The automaker formally informed the federal government of the recall in a letter Monday. It will be Toyota's largest U.S. recall and the country's sixth-largest recall, according to the National Highway Traffic Safety Administration.
The recall includes 2007-2010 model year Toyota Camry, 2005-2010 Toyota Avalon, 2004-2009 Toyota Prius, 2005-2010 Tacoma, 2007-2010 Toyota Tundra, 2007-2010 Lexus ES350 and 2006-2010 Lexus IS250/IS350.
Chris Santucci, Toyota's assistant manager for technical and regulatory affairs, wrote in the letter to NHTSA that there are 3.8 million vehicles involved but "this estimate is subject to change as Toyota refines the number of affected vehicles by model."
Toyota told the government it has not determined that the vehicles "contain a 'safety-related defect' within the meaning of the federal safety laws" but would notify owners of the safety campaign.
Santucci wrote "there is a potential for an accelerator pedal to get stuck in the wide open position due to an unsecured or incompatible driver's floor mat. A stuck open accelerator pedal may result in very high vehicle speeds and make it difficult to stop the vehicle, which could cause a crash, serious injury or death."
Toyota announced last week it would recall the vehicles and warned owners to remove the driver's side floor mats and not replace them until the company determined a way to fix the problem.
The massive recall was prompted by a high-speed crash in August involving a 2009 Lexus ES350. California Highway Patrol Officer Mark Saylor, 45, and three members of his family were killed when their vehicle hit speeds exceeding 120 mph, struck a sport utility vehicle, launched off an embankment, rolled several times and burst into flames.

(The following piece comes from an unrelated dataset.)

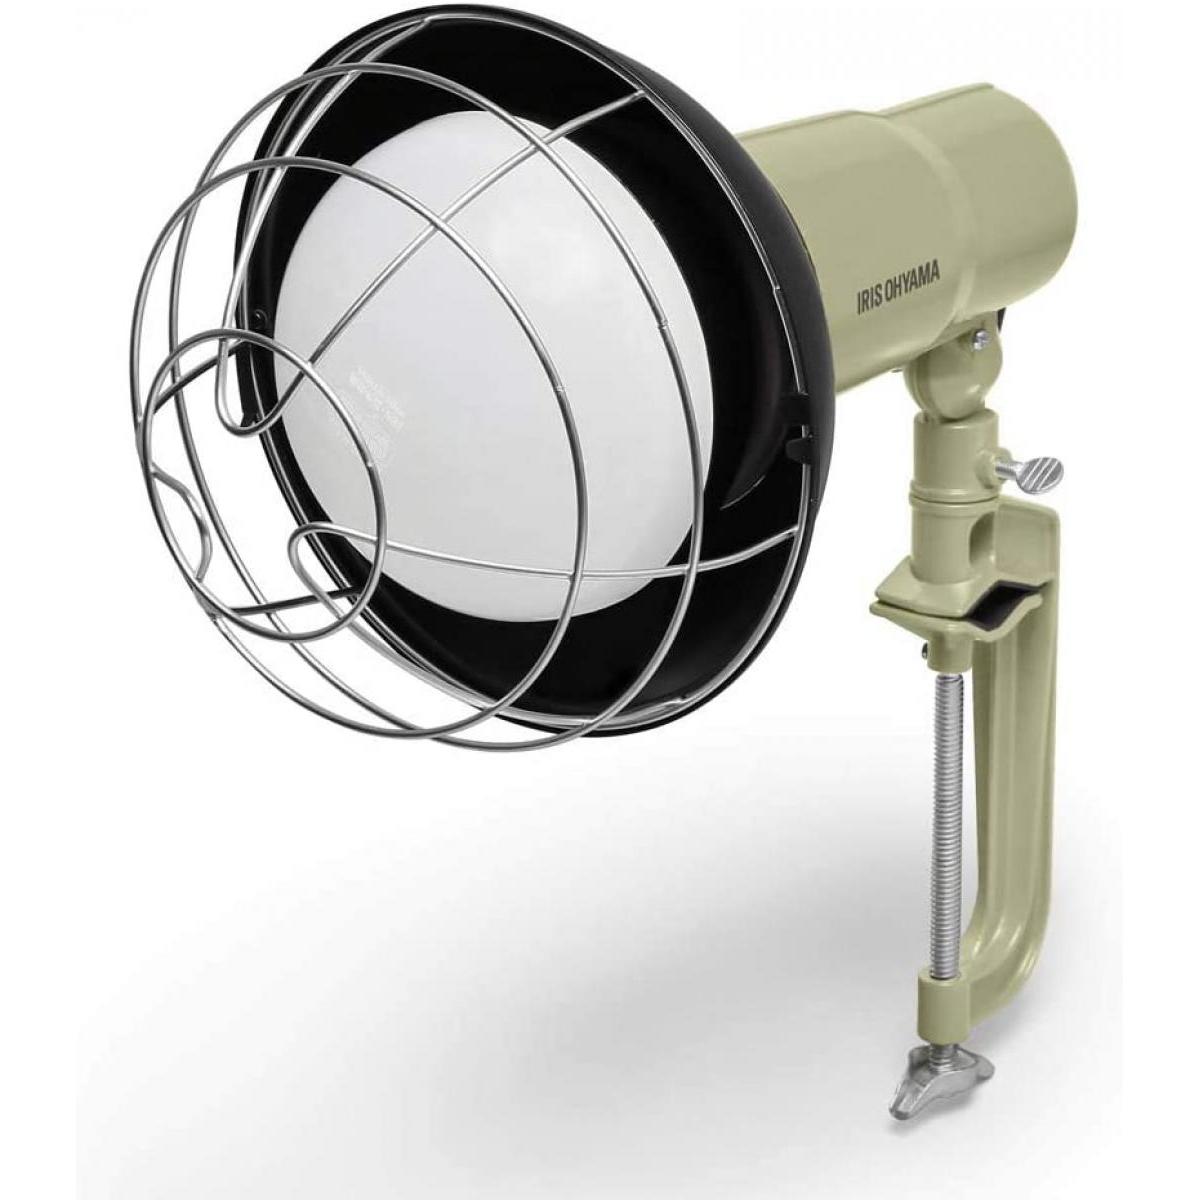 2021新入荷 アイリスオーヤマ LED ワークライト投光器 作業灯 置き型 べースライト 屋内専用 10000lm

Family members made a frantic 911 call from the Lexus and said the accelerator was stuck and they couldn't stop the vehicle.
In Japan, Toyota President Akio Toyoda said last week that the fatal crash was "extremely regrettable" and offered his "deepest condolences."
Toyota said in the letter it would tell owners of the affected vehicles to take out the driver's floor mat and not replace it with another floor mat until model-specific remedies are developed. Toyota said it expects to begin notifying customers by first class mail in late October and complete its mailing in December.
When it figures out a fix for the problem, Toyota will notify owners "about the availability of a free remedy." The automaker told the government it did not have a firm schedule for the second notification but would provide the government a schedule as soon as possible.
If a vehicle accelerator pedal becomes caught on the floor mat, Toyota recommends the following steps:
— Reach down and pull the mat back from the accelerator. Then pull over and stop your vehicle. If you can't dislodge the pedal or it seems unsafe to do so, press on the brake with both feet. Then shift the vehicle into neutral, which will disengage the transmission. Continue braking until you come to a stop.
A driver can also try shutting off the engine or turning the key to the "ACC" position on the ignition. You won't lose control of steering or the brakes. But once the vehicle is turned off the driver won't have the benefit of power brakes or power steering.